■ **SOURCE MATERIAL**
:::::
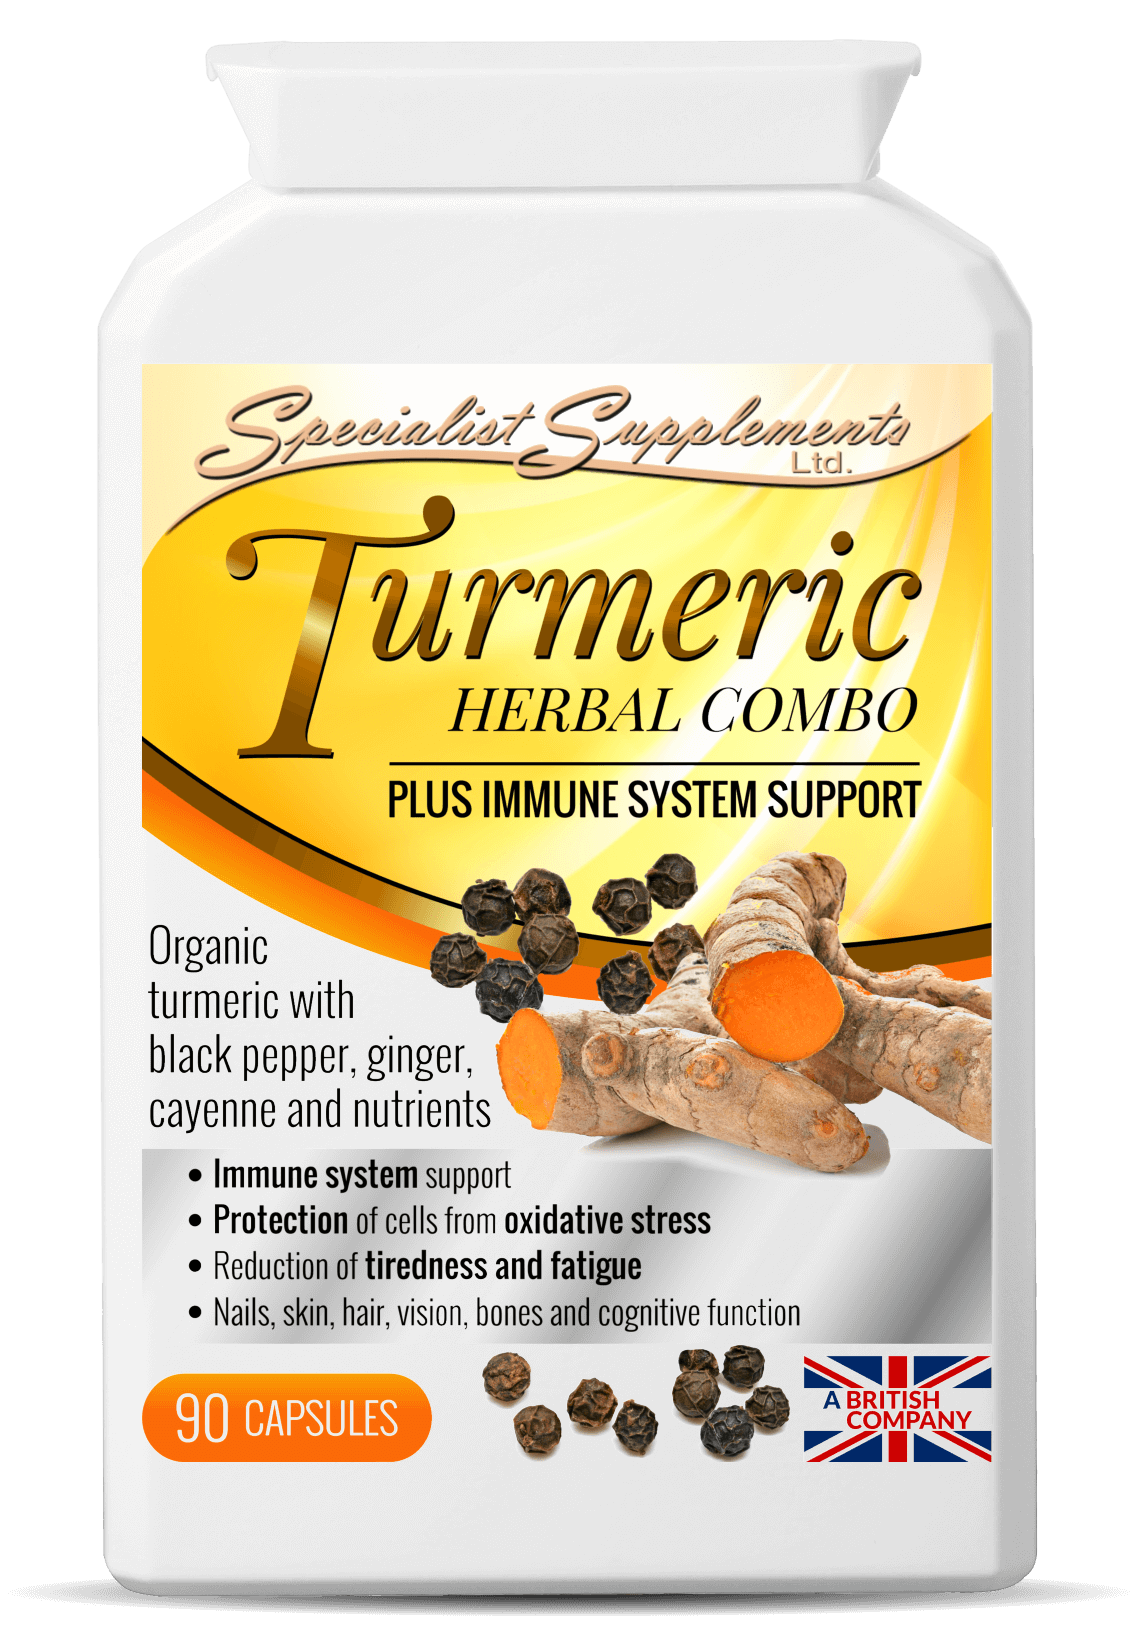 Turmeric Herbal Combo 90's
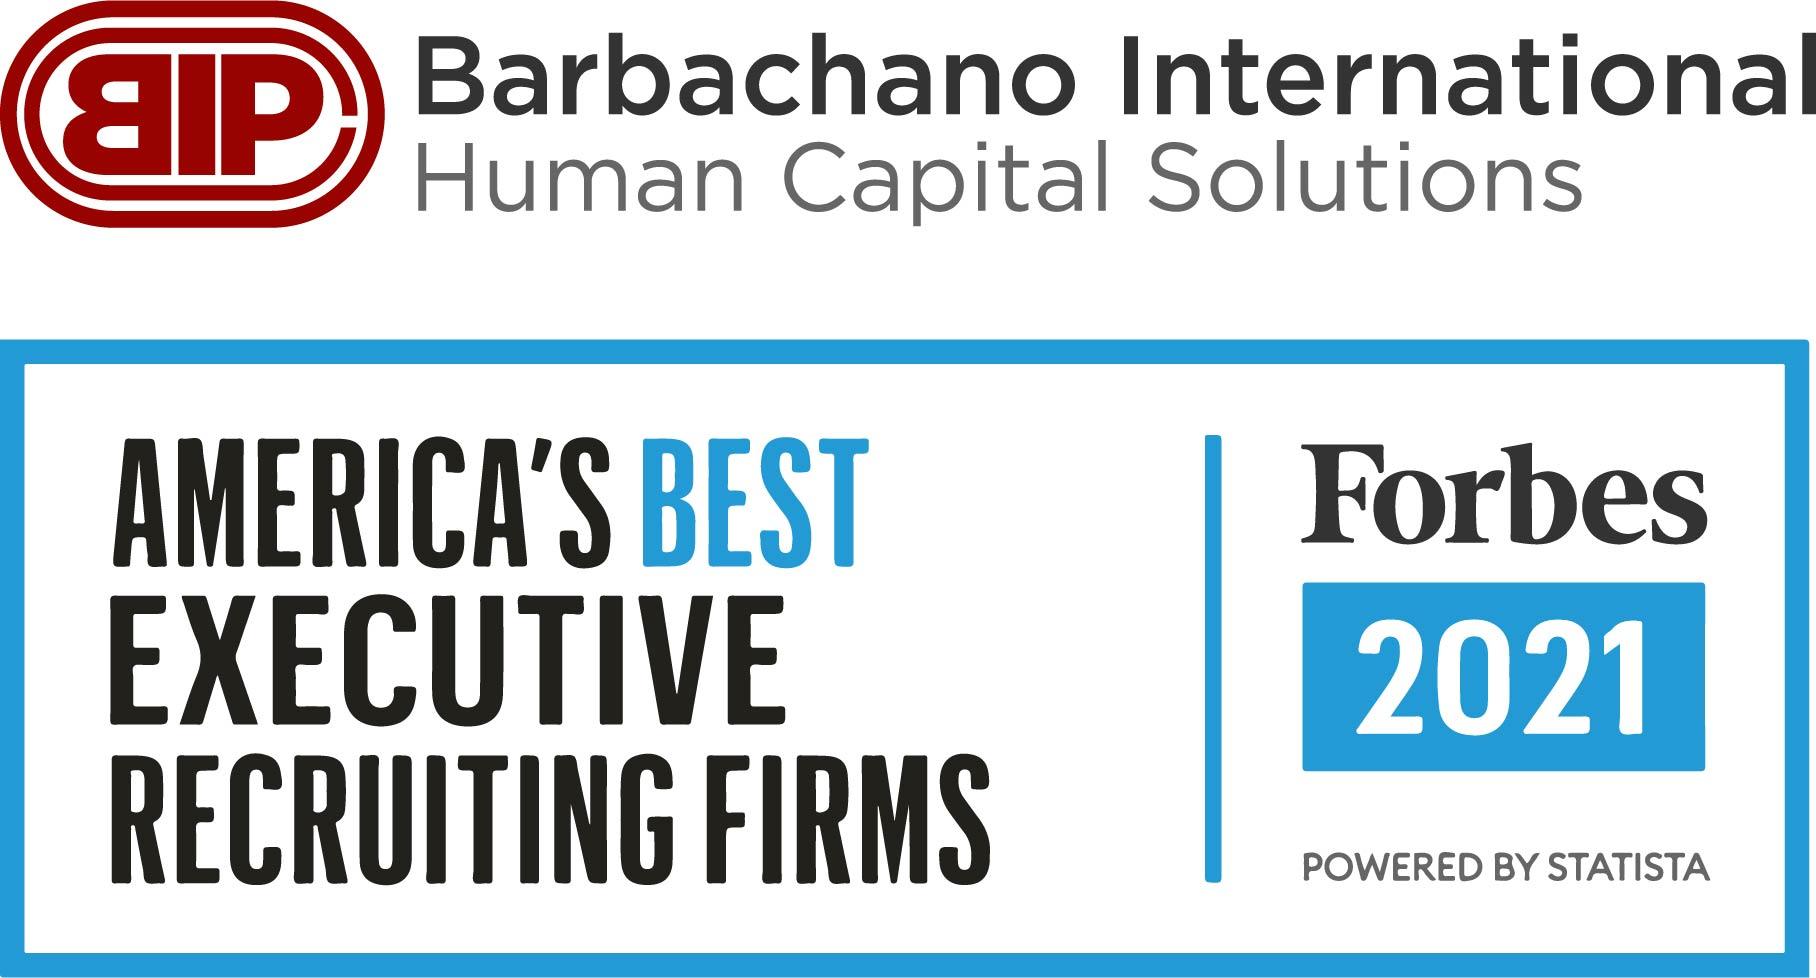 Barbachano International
:::::
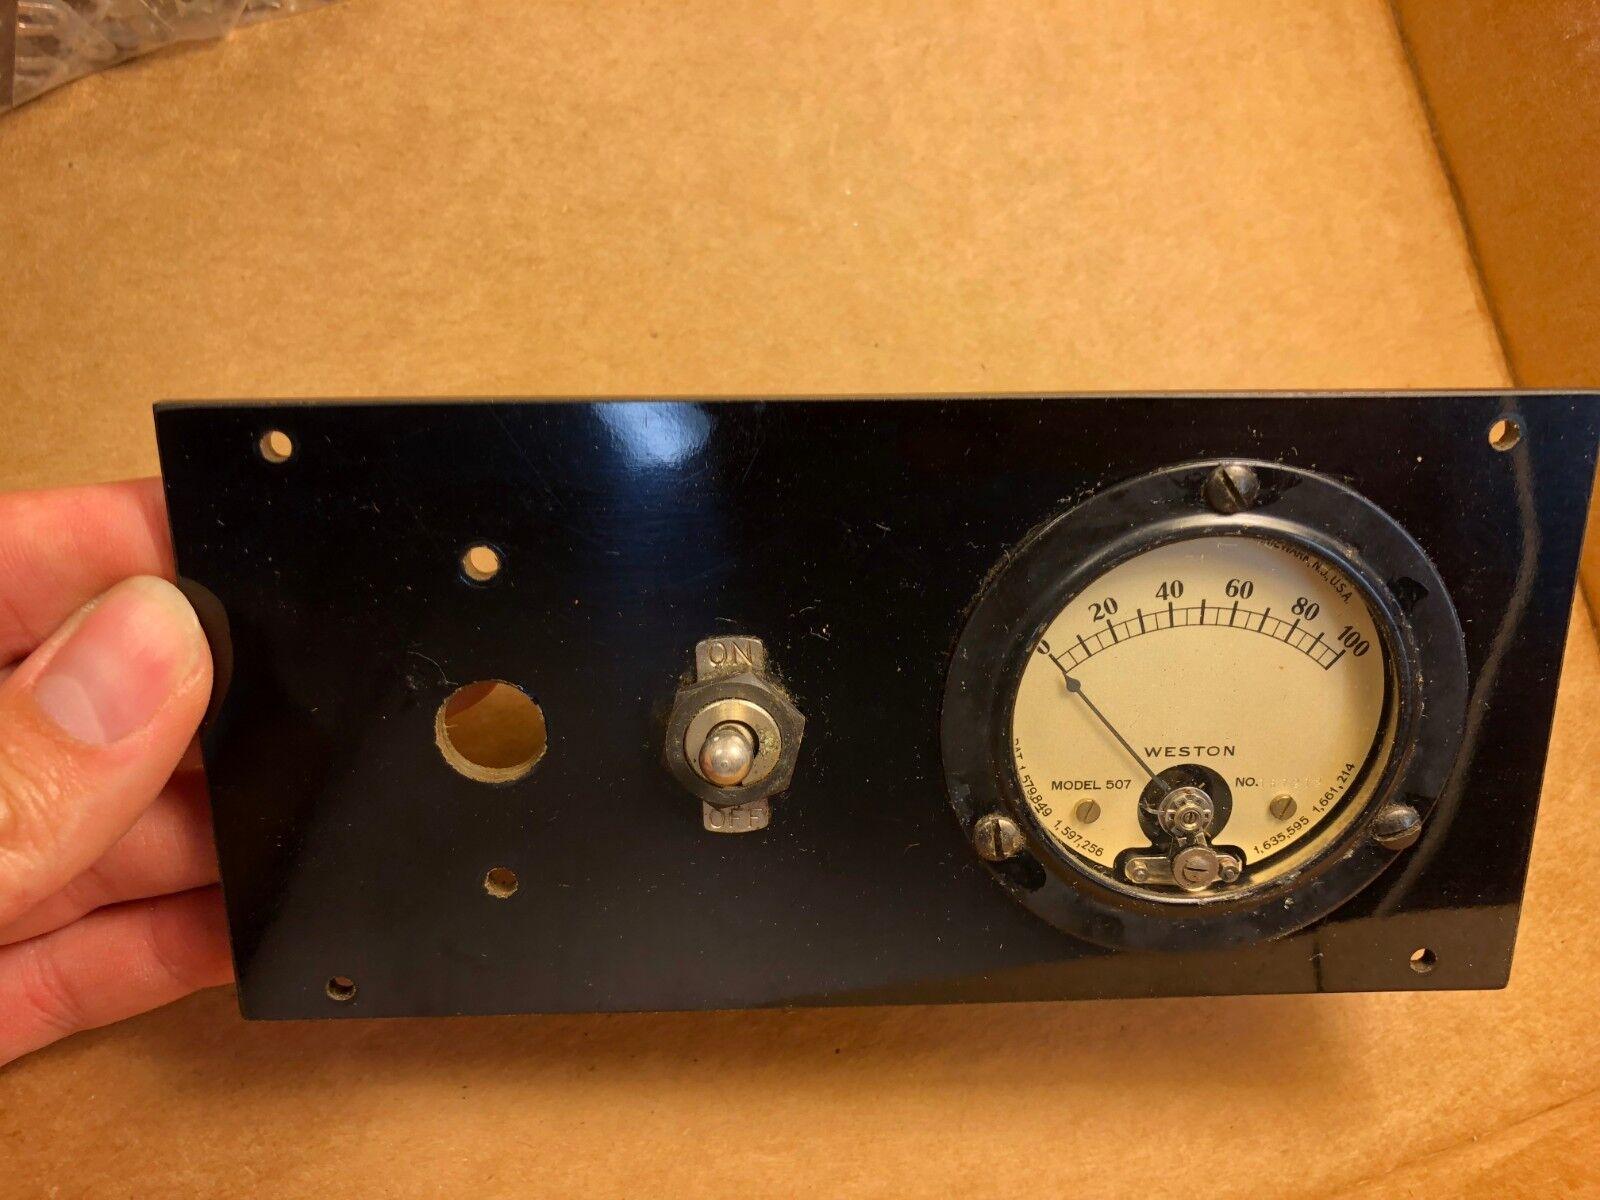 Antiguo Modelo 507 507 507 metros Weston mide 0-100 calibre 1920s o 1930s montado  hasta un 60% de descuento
:::::
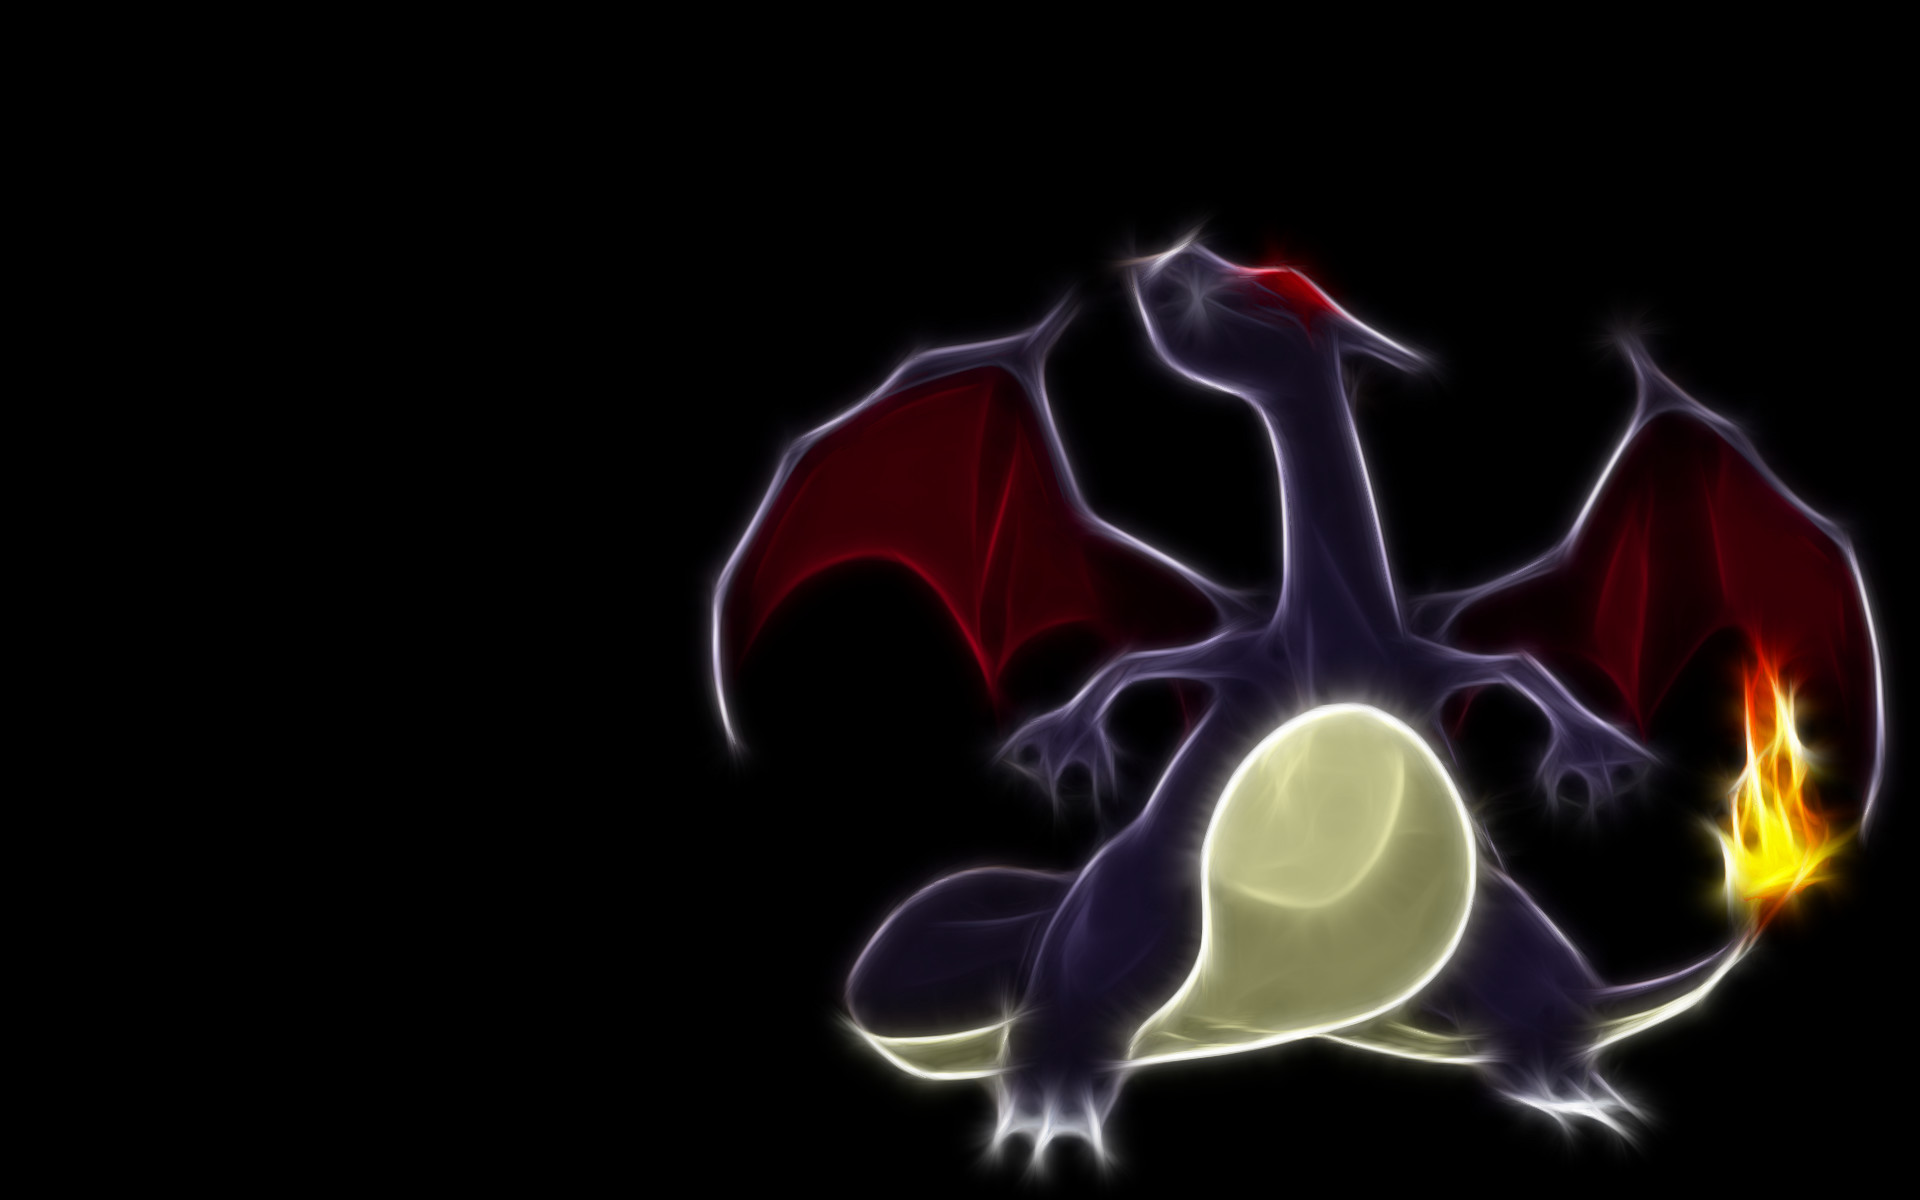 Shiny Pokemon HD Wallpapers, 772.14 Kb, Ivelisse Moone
:::::
■ **EXERCISE AIM**
Working from the records above, set down word for word everything from the line containing "Turmeric Herbal Combo 90's" down to the line containing "Barbachano International", ends included, minus the pictures.

■ **OUTPUT OF THE TASK**
 Turmeric Herbal Combo 90's
 Barbachano International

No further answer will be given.